## [WORK INSTRUCTION]
Only one stretch of the data should be retyped: the lines from the line containing "Stylish Stone Pattern: The" through the line containing "This buck was". Keep pictures out of it.

EXTRACTED ENTRIES Block Start

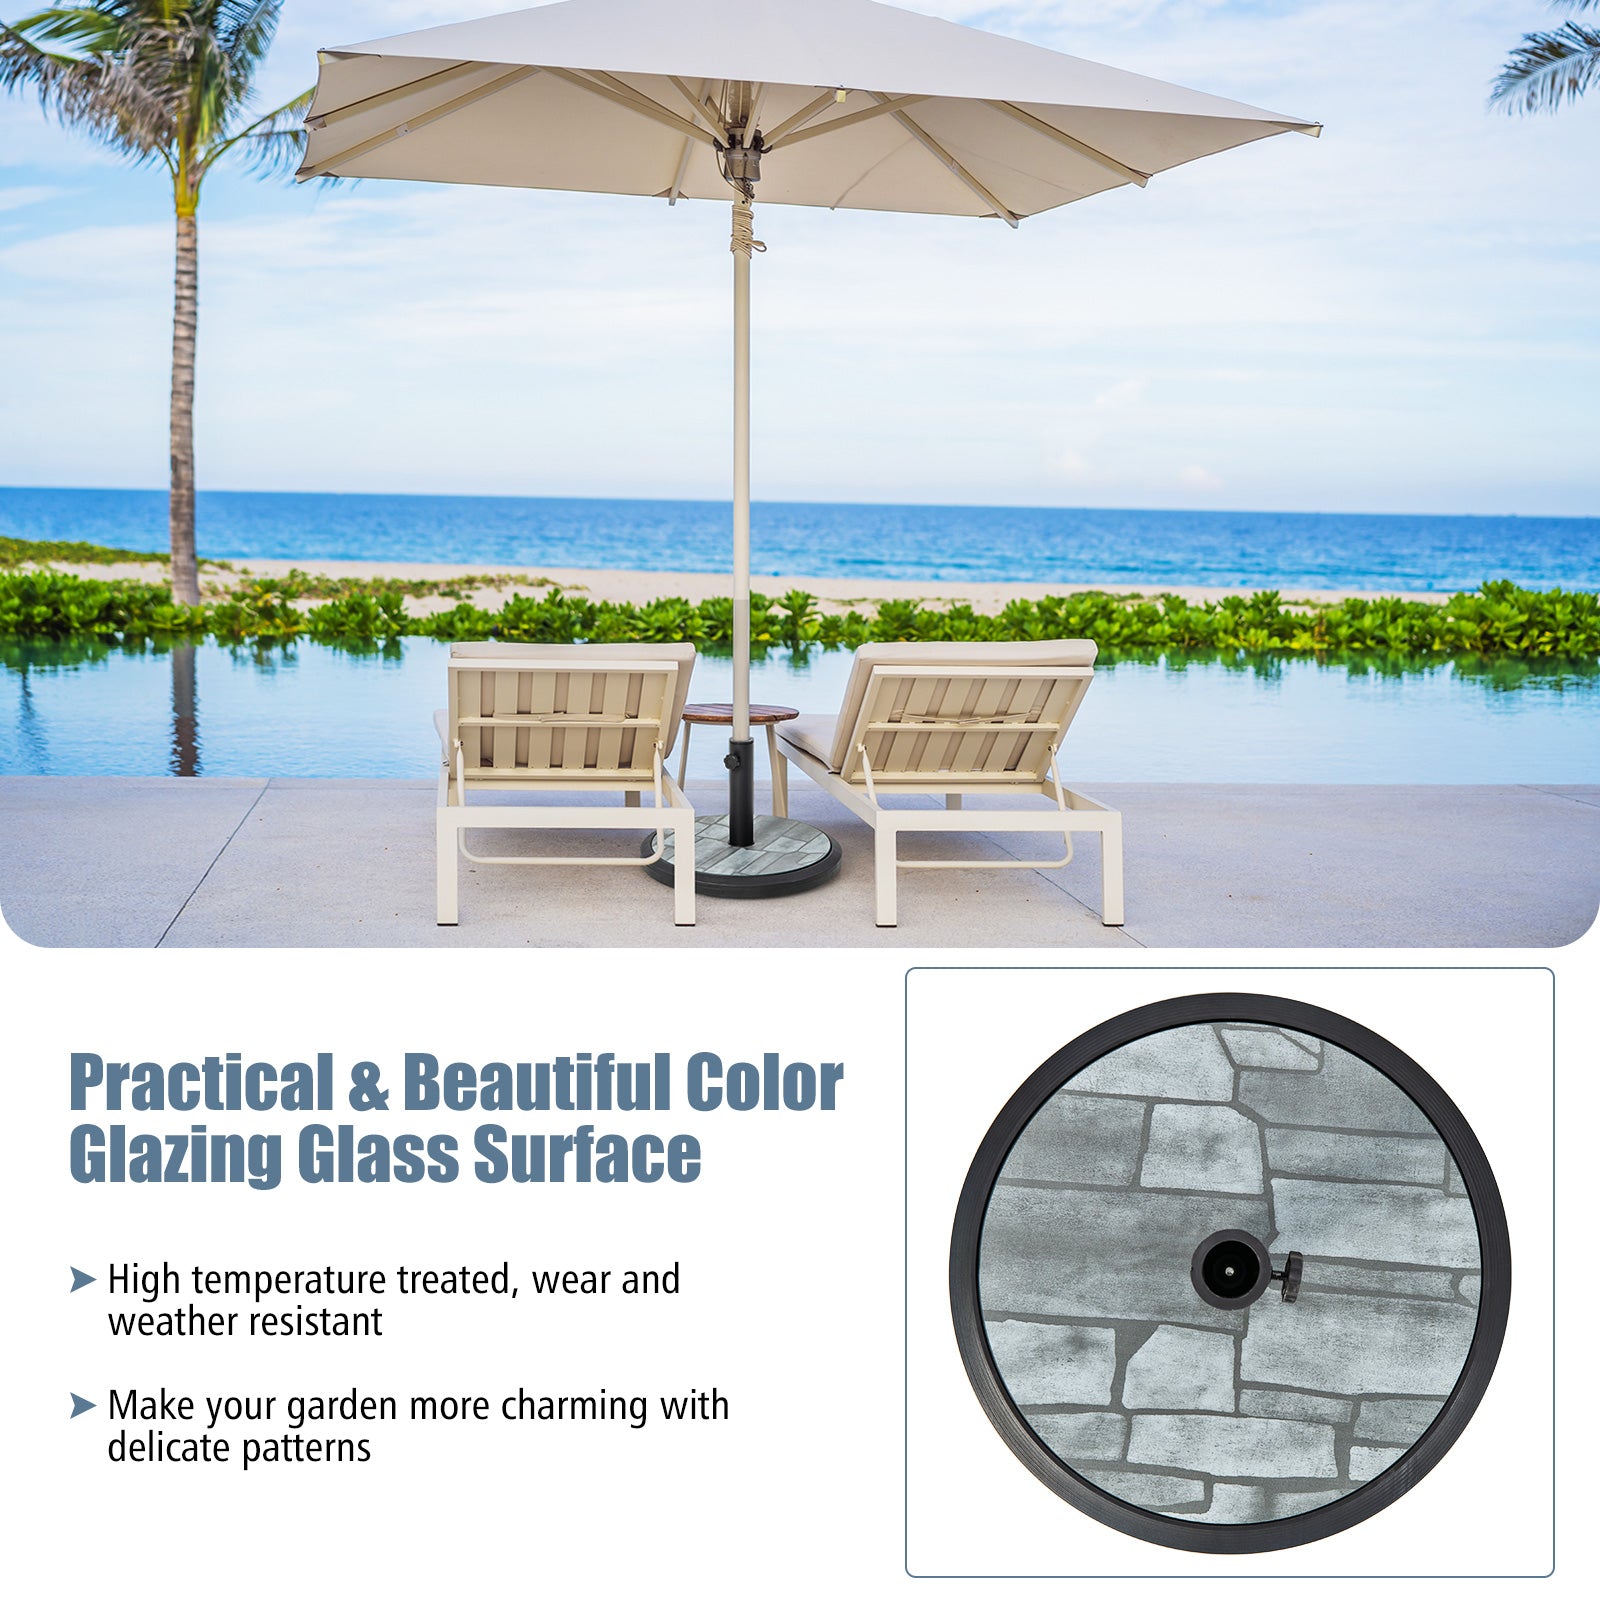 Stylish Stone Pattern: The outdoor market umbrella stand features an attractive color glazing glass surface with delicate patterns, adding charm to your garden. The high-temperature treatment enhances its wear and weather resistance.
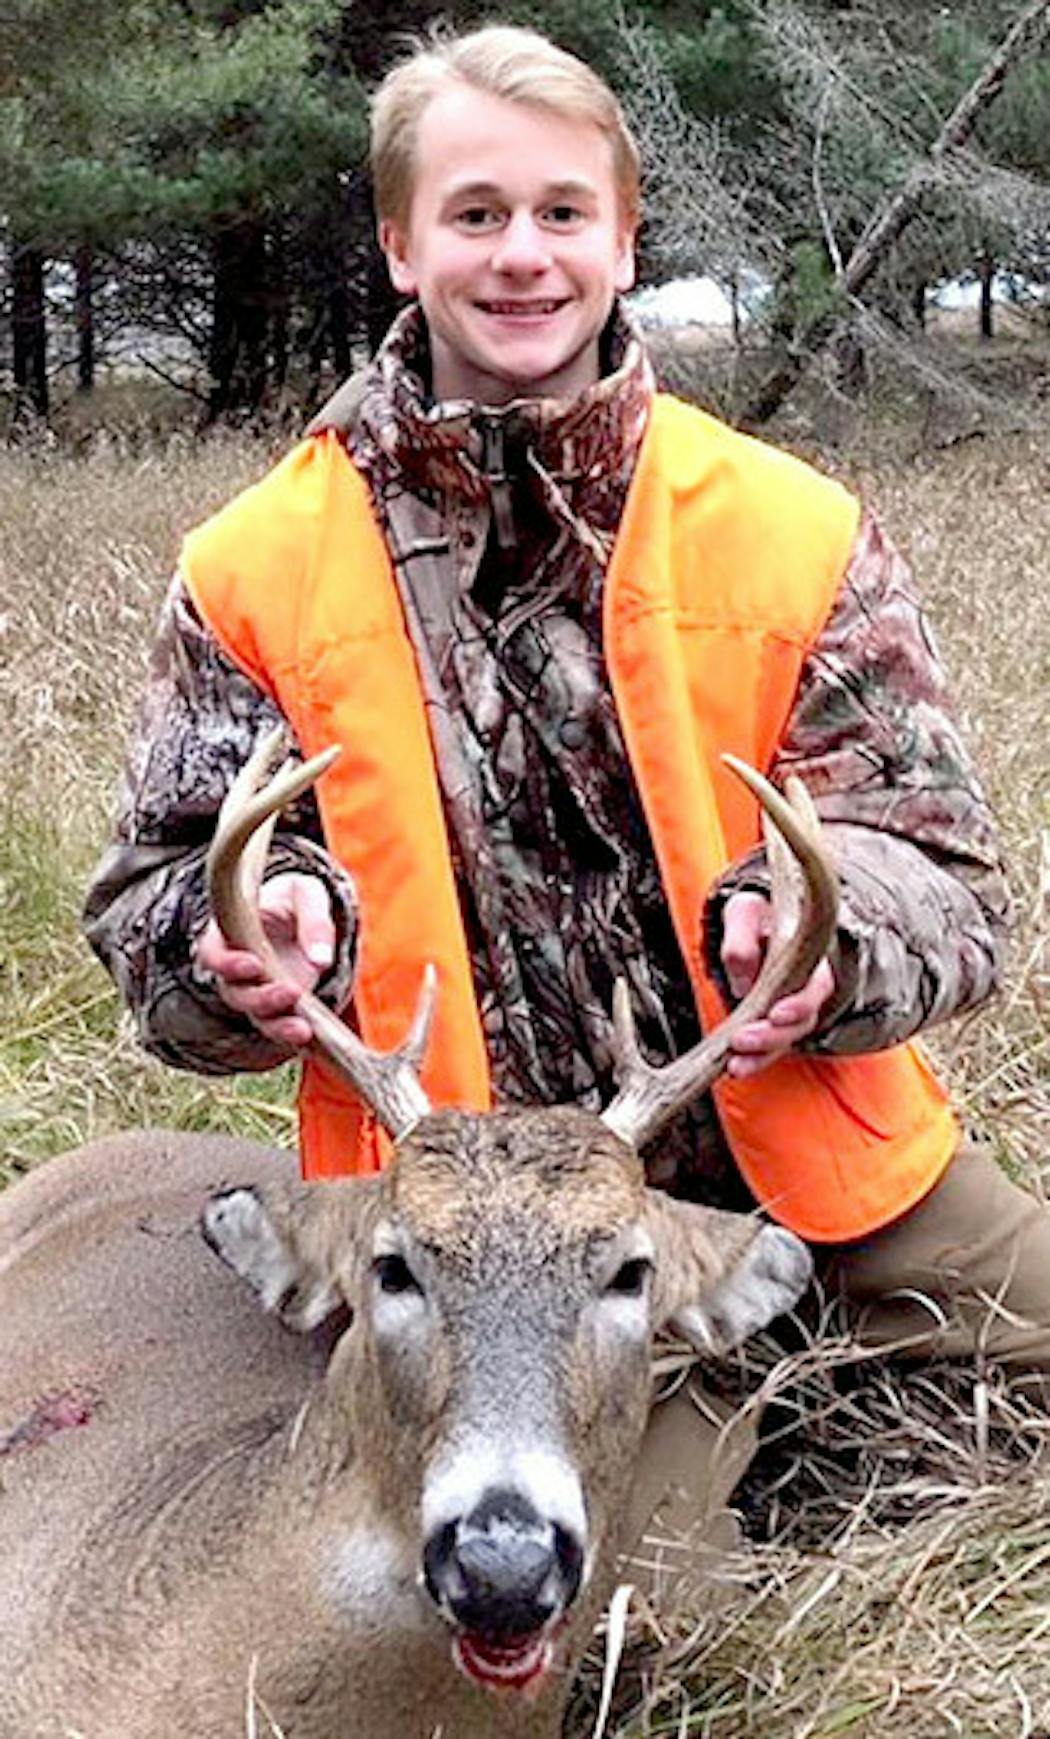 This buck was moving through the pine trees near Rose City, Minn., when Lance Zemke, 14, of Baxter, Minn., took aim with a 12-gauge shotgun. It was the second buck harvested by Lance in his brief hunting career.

EXTRACTED ENTRIES Block End
EXTRACTED ENTRIES Block Start

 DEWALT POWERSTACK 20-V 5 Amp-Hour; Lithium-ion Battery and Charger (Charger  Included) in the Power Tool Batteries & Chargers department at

EXTRACTED ENTRIES Block End

## [RESPONSE TO THIS TASK]
 Stylish Stone Pattern: The outdoor market umbrella stand features an attractive color glazing glass surface with delicate patterns, adding charm to your garden. The high-temperature treatment enhances its wear and weather resistance.
 This buck was moving through the pine trees near Rose City, Minn., when Lance Zemke, 14, of Baxter, Minn., took aim with a 12-gauge shotgun. It was the second buck harvested by Lance in his brief hunting career.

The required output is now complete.